Day 1/30 Done Came downstairs this morning after relapse yesterday and the first thing said to me was that I looked a little under the weather, that I didn’t look my normal self. People really do notice when you PMO. Been a bit of an eye opener whilst battling through the brain fog today.
And 19 days completed! A friend is crashing at my place. She helps me doing an early spring cleaning and I really like how tidy my flat is. I cook more often, and I am going to invite some friends for a movie evening soon! So, if this is the pornfree live, I can get used to it! Hang in there!
Day 0 starts off now for me. I have done this before and can do it again. Awesome idea! Let the challenge begin!

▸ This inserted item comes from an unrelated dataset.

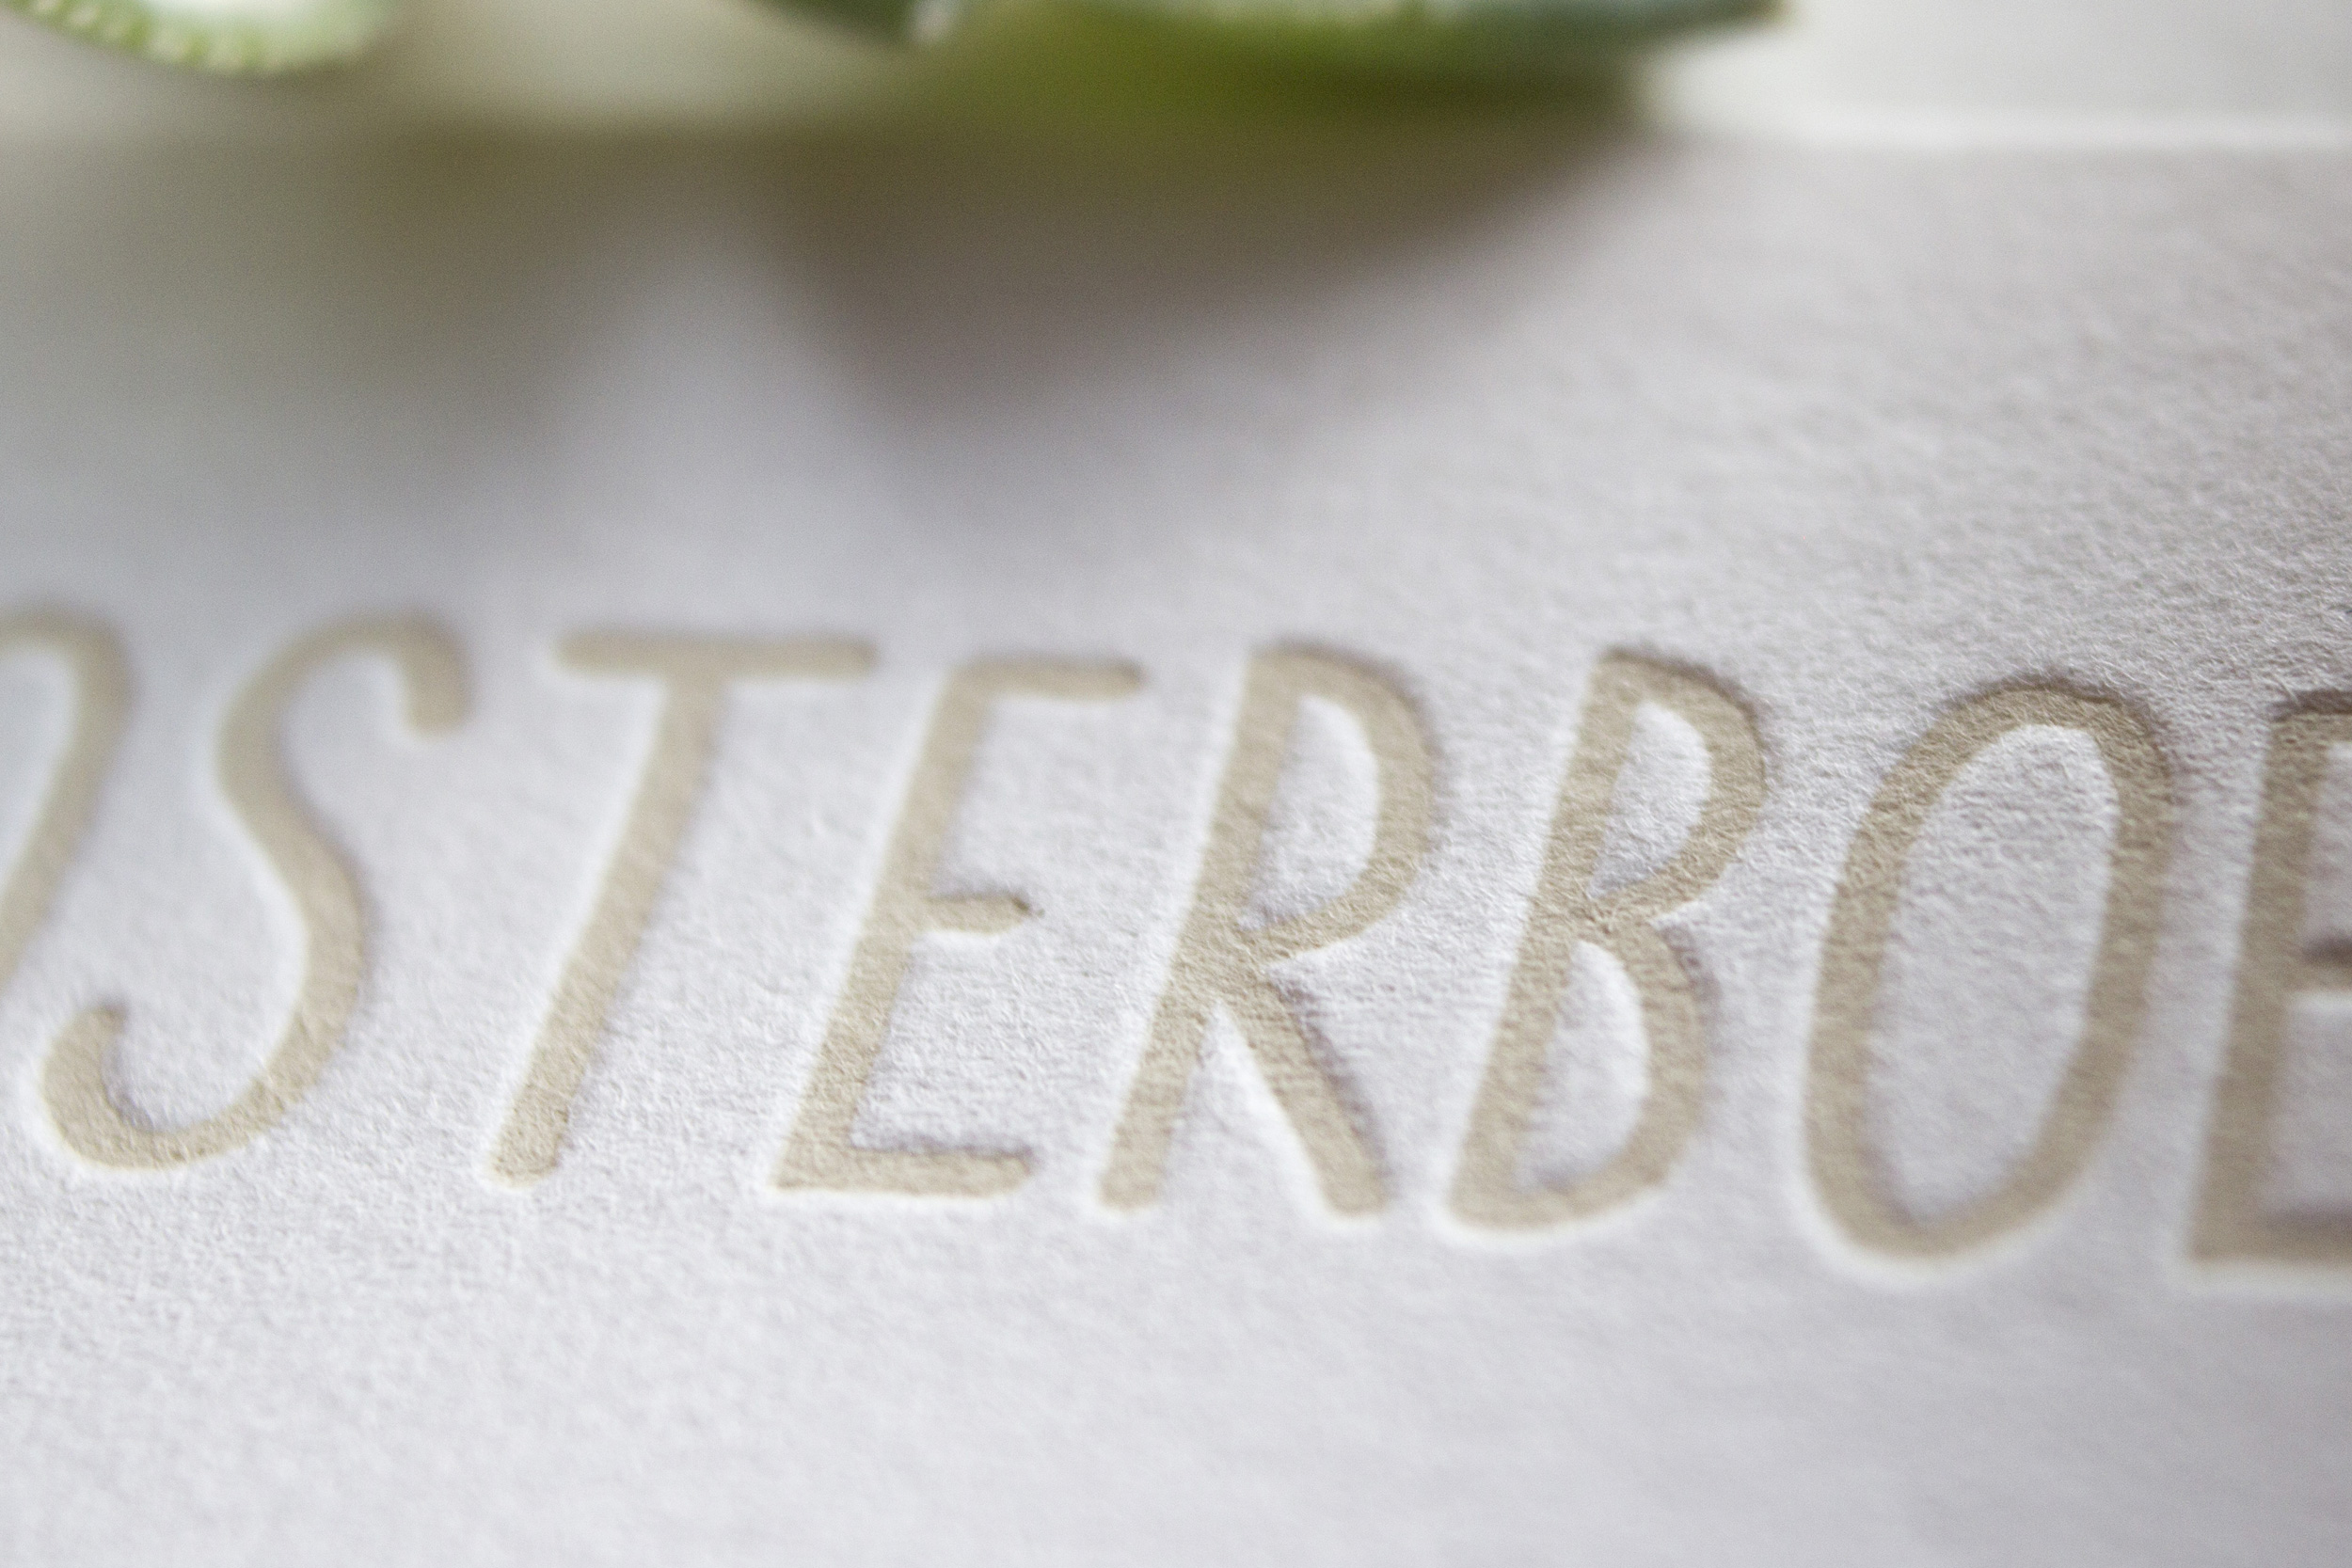 tarjetas-invitaciones-2-marcela-klosterboer-papel-principal-letterpress-imprenta-tipografica-1.jpg

Thanks! Yeah I feel like it helps a lot when we work on more than just fixing our PMO habits. As we improve in other areas we feel better about ourselves, which, I think, helps motivate us even more to avoid relapsing. Shoot me a message or something if you decide to try using a timer and how it works out- I'd love to hear about it! I'm still somewhat amazed at how much of an influence a wandering eye/ mind can have. It makes me feel hopeless. It's like I'm getting as much of a look as I can at something I'll never have, which is highly discouraging. When I make eye contact, smile and get a smile back I feel the complete opposite! Not to mention this will certainly leave a much better impression in a girl's mind than catching me creepily lusting for her.. It's so clear how much I need to continue fixing my gaze! I agree, we will get there!
Big day today. One third of the way through this challenge and half way to 90!! Starting to feel more regret about letting myself get so caught up in PMO and taking so long to finally do something about it. I don't think any number of days will truly be enough.. This will be carried with me for the rest of my life.